Cook Computing

Extract XML Element

July 23, 2002 Written by Charles Cook

I've been puzzling over an XML problem using .NET code. I want to extract an element from an XML document and create a new document with this element as the root element. The other part of the spec is that this must be done as efficiently as possible.

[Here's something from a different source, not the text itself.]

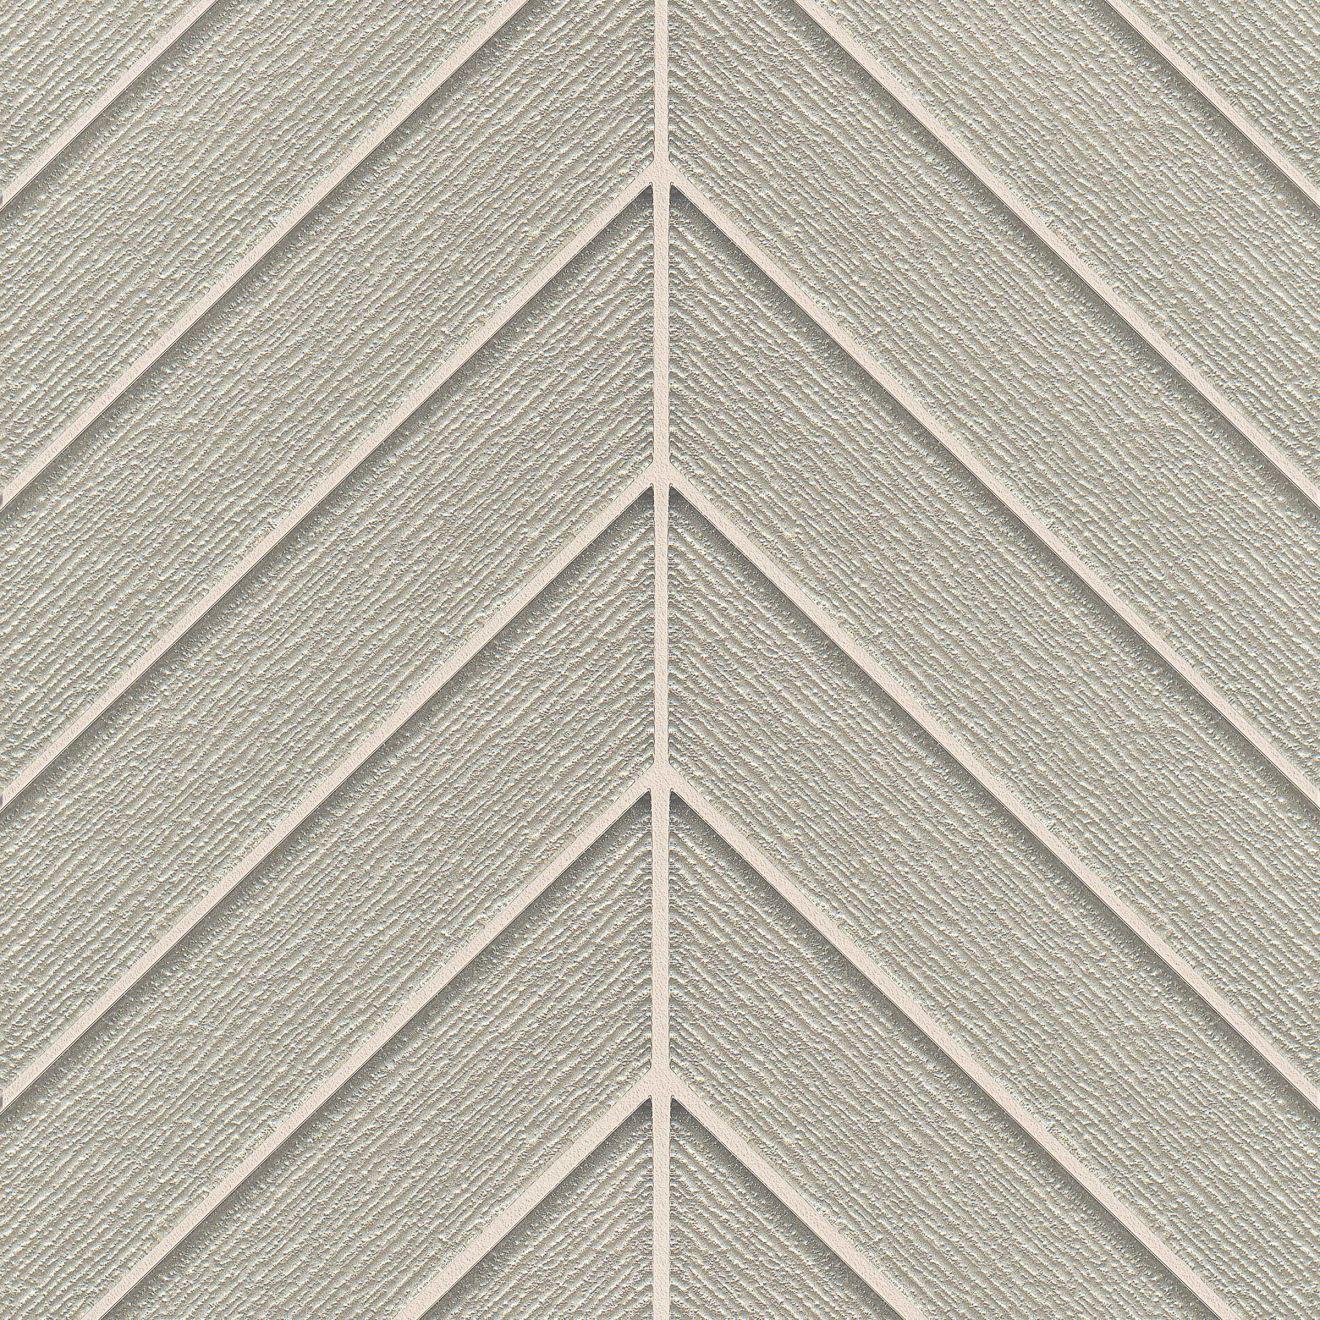 Verve Wall Mosaic in Tinsel Grey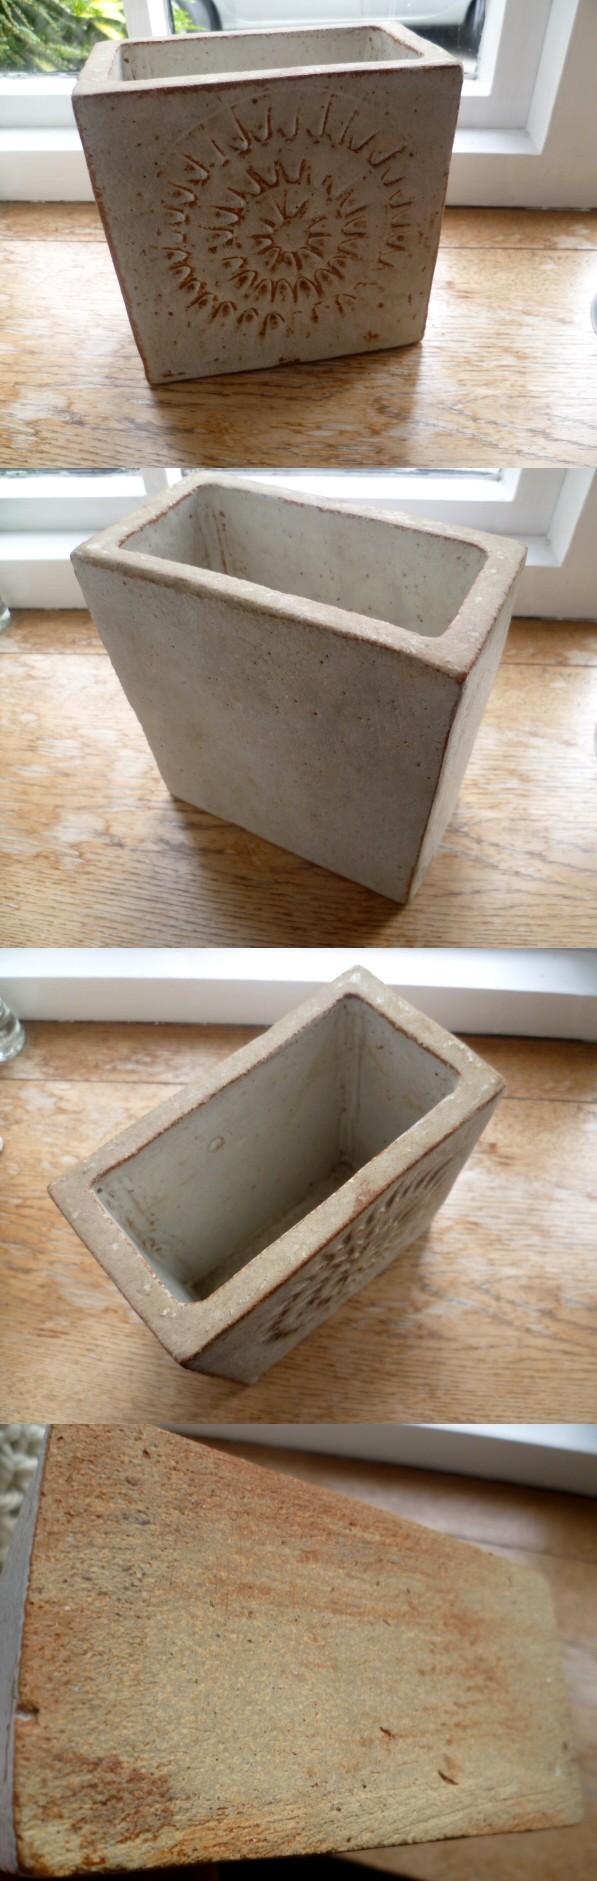 Sunburst slab vase in the style of Wallwork / Hudson Aslab10

Take the following trivial example


<?xml version="1.0" encoding="utf-8" ?>
<multistatus xmlns="DAV:">
  <response>
    <href>http://www.foo.bar/container/>
    <propstat>
      <prop xmlns:R="http://www.foo.bar/boxschema/">
        <R:bigbox/>
      </prop>
      <status>HTTP/1.1 200 OK</status>
    </propstat>
  </response>
</multistatus>

I want to be able to extract each element under the prop element(s), e.g. the <R:bigbox/> element, and end up with documents like this:


<?xml version="1.0" encoding="utf-8" ?>
<R:bigbox xmlns:R="http://www.foo.bar/boxschema/"/>

The efficiency requirement led me to try an XmlReader approach: traverse to the first child element of each prop element and use ReadOuterXml to extract the node. Unfortunately this does not handle the namespace properly because ReadOuterXml returns:


<R:bigbox/>

If there was some way of determing the active namespaces at the current reader position (or simply pushing them onto a stack as the document is traversed) there would still be the problem of determining which namespaces are required for the XML elements being extracted. All feasible but a lot more work than I had expected.

So for the time being I ended up using an XmlDocument approach involving copying the node and inserting it into a new instance of XMLDocument. This does handle the namespace problem but is likely to be much slower when large documents are involved.